Since this plugin uses SNMP, you'll also need the perl module Net::SNMP on the Nagios server (or the server running the queries). This module is not part of perl itself, but is available in all modern Linux distributions. Installing Net::SNMP is quite easy:
For RHEL/CentOS 5.x the best way is to use EPEL:
rpm -Uvh http://download.fedora.redhat.com/pub/epel/5/i386/epel-release-5-3.noarch.rpm yum install perl-Net-SNMP
For Fedora:
yum install perl-Net-SNMP
For SuSE:
rug install perl-Net-SNMP
For Debian and Ubuntu:
aptitude install libnet-snmp-perl
If this does not apply to your server, consult your OS repository to find Net::SNMP. If all else fails, try installing from CPAN.
Attention!
This is a short HOWTO that describes how to get started with using check_dell_bladechassis. This HOWTO assumes that the prerequisites are met, and that you have a Nagios server up and running. Nagios version 3.x is assumed.
The examples below are simple examples with very basic usage of check_dell_bladechassis. There are many more or less advanced options that you might consider useful. Se the usage section for info.
The first thing you want to do is create a hostgroup that contains your blade enclosures. If you have very few enclosures you can skip this step and use hosts in the service definition instead, but I think hostgroups are always better:
# hostgroup for Dell blade enclosures
define hostgroup {
hostgroup_name dell-bladecenters
alias Dell bladecenters
}
You'll need a host definition for each of the enclosures. If you are an experienced Nagios admin you already know this, of course:
define host {
host_name my-bladecenter1.foo.org
alias my-bladecenter1
address 192.168.10.12
use generic-host
hostgroups dell-bladecenters
contact_groups example@foo.org
}
Next you want to create a servicegroup for this service. This is not required, but it makes things easier when you want to inspect your Dell servers via Nagios' web interface. Creating a servicegroup is simple:
# Servicegroup for Dell blade enclosures
define servicegroup {
servicegroup_name dell-bladechassis
alias Dell server health status
}
The servicegroup is used later in the service definition.
The next step is to define a command for check_dell_bladechassis:
# Dell blade enclosure check
define command {
command_name check_dell_bladechassis
command_line /path/to/check_dell_bladechassis -H $HOSTADDRESS$
}
Note that is is a very basic example of check_dell_bladechassis usage. Refer to the usage section for info about the different options that alters the behaviour of check_dell_bladechassis.
Finally, you define the service:
define service {
use generic-service
hostgroup_name dell-bladecenters
service_description Dell blade enclosure health
servicegroups dell-bladechassis
check_command check_dell_bladechassis
action_url https://$HOSTNAME$/
notes_url http://folk.uio.no/trondham/software/check_dell_bladechassis.html
}
The action_url and notes_url is optional.

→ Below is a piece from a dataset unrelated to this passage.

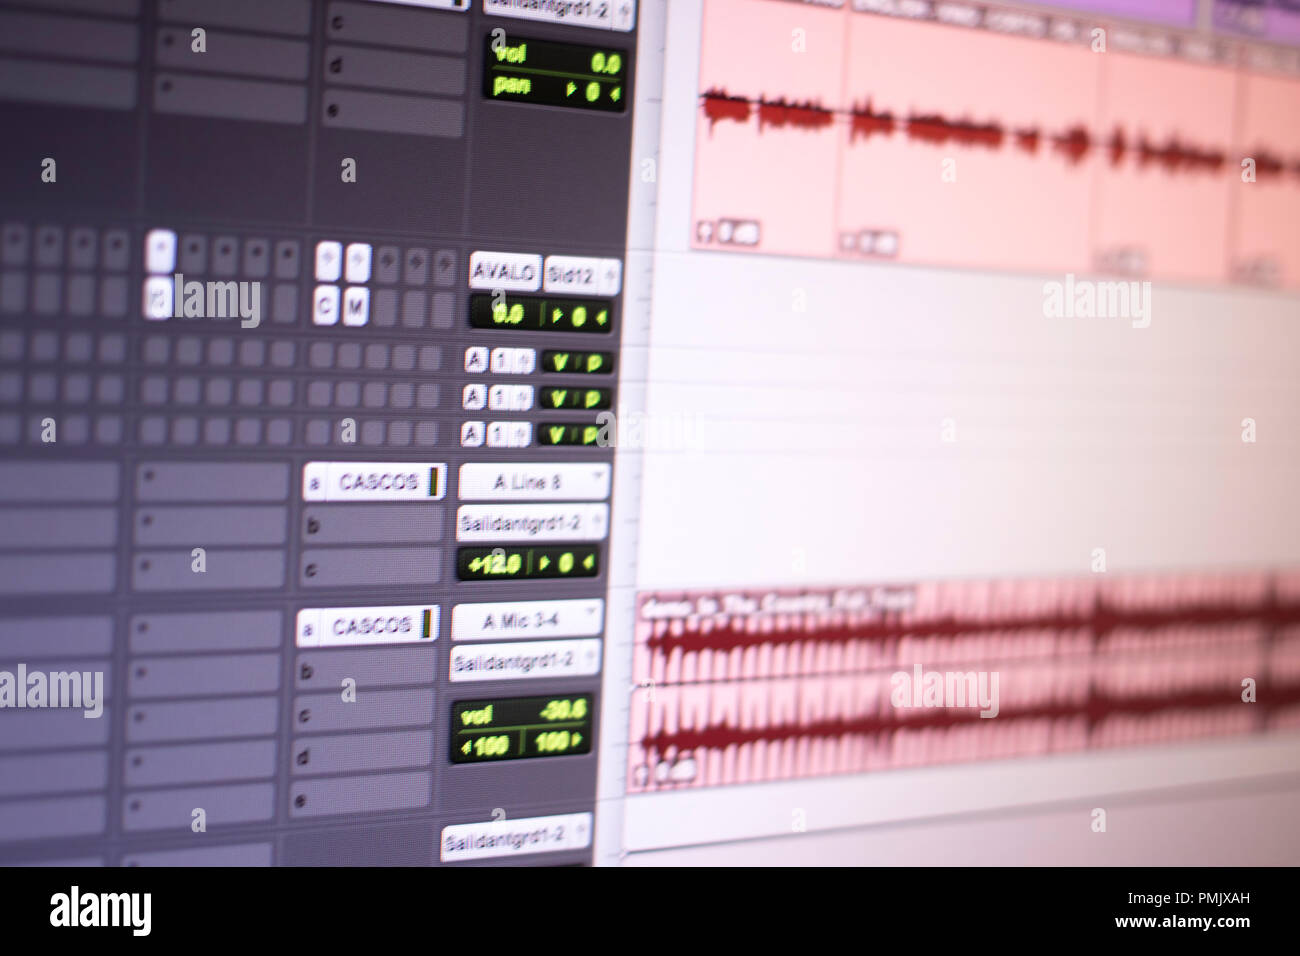 Recording audio studio mixing computer screen program to

The plugin queries the monitored host remotely via SNMP. Prerequisites for this are that the monitored host is running SNMP, and that the Nagios server is allowed to communicate with the enclosure over SNMP. The -H|--hostname option is needed for the hostname/IP you want to check.
$ check_dell_bladechassis -H my-bladecenter1 OK - System: 'PowerEdge M1000e', SN: 'XXXXXXX', Firmware: '2.00', hardware working fine
You can specify the SNMP community string (for SNMP version 1 and 2c) with the -C|--community option. Default community is set to "public" if the option is not present:
$ check_dell_bladechassis -H my-bladecenter2 -C mycommunity OK - System: 'DRAC/MC', SN: 'XXXXXXX', Firmware: '1.5.0 (Build 10.01)', hardware working fine
For other SNMP options, refer to the manual page.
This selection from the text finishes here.